The middle part of the transformation curve could be treated approximately linear, and the slope of this linear part has been studied in several previous works. Brook and coworkers[29] examined the slopes of two groups of Fe-C-Ni and Fe-C-Cr alloys with the metallography method. They calculated the slopes between about 5 and 50 pct of transformation, and found that in both groups of alloys, the slope is approximately linearly increasing with increasing M s. Another study[30] also shows that, with increasing the carbon content in steels, M s decreases, and the interval of M s and M f increases. These two results are consistent with the present work. In another work, Pradhan and Ansell[21] applied a magnetization method and examined the slopes of several Fe-C-Ni-Cr alloys. They found that the slope is decreasing with increasing M s, which is in contrast with the work by Brook et al. and the present work. Their data are shown in blue crosses in Figure 3, in which a decreasing parameter B″ with increasing M s is observed. However, their data drop in the vicinity of the data from which the present model is derived. In the present model, parameter B′ (B″) is linearly increasing with M s, and it is suspected by the present authors that this is due to the increasing mechanical energy accompanied by the transformation with decreasing temperature, i.e., a steel with lower M s needs more driving force to further deform the retained austenite. The present model predicts that, for different steels, the transformation rate increases with increasing M s.

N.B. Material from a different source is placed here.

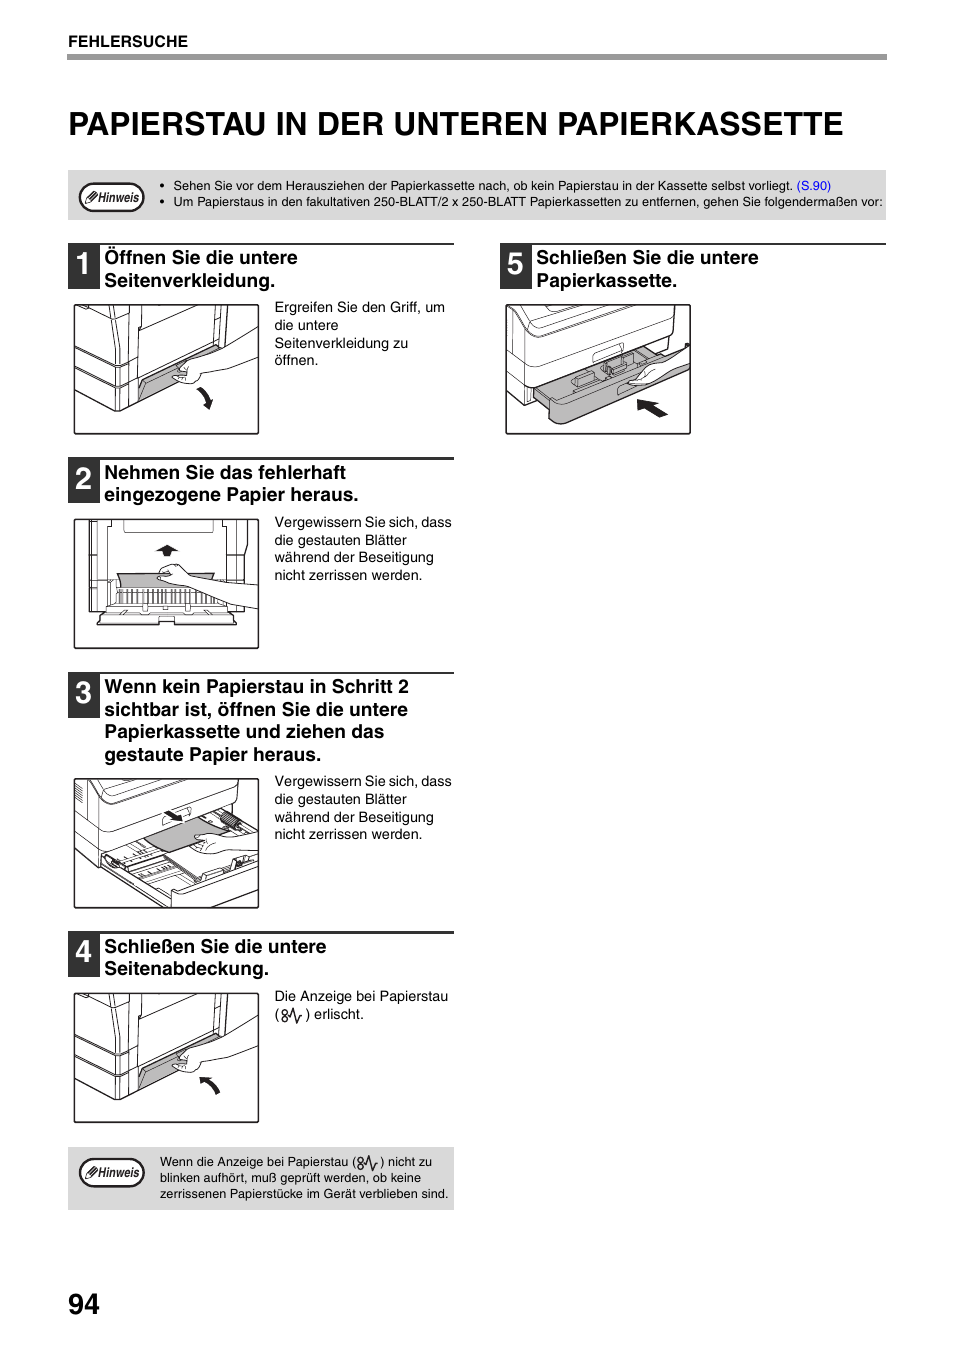 Papierstau in der unteren papierkassette, Papierstau in der unteren, Papierkassette | S.94) | Sharp AR-5618 Benutzerhandbuch | Seite 96 / 108

At present, parameter B′ (B″) is expressed only with M s, thus those factors which influence M s also influence the subsequent transformation, e.g., grain size. It has been shown that a smaller grain size of prior austenite decreases the M s and accelerates transformation rate.[24] These factors were not considered in the present model but should be included in future work.

5 Summary

In this work, a thermodynamically based model is proposed to predict the fraction of martensite with undercooling. The present model is based on the chemical driving force, instead of temperature. In the parameter determination, the effect of the cooling method on the transformation was considered. The model can be applied to predict the fraction of athermal martensite with quenching for plain carbon and low alloy steels. The only model parameter is a linear function of M s, and the present model predicts that the transformation rate increases with increasing M s. Comparing with experimental data of M 50 and M 90 temperatures from literature, the present model gives satisfactory predictions.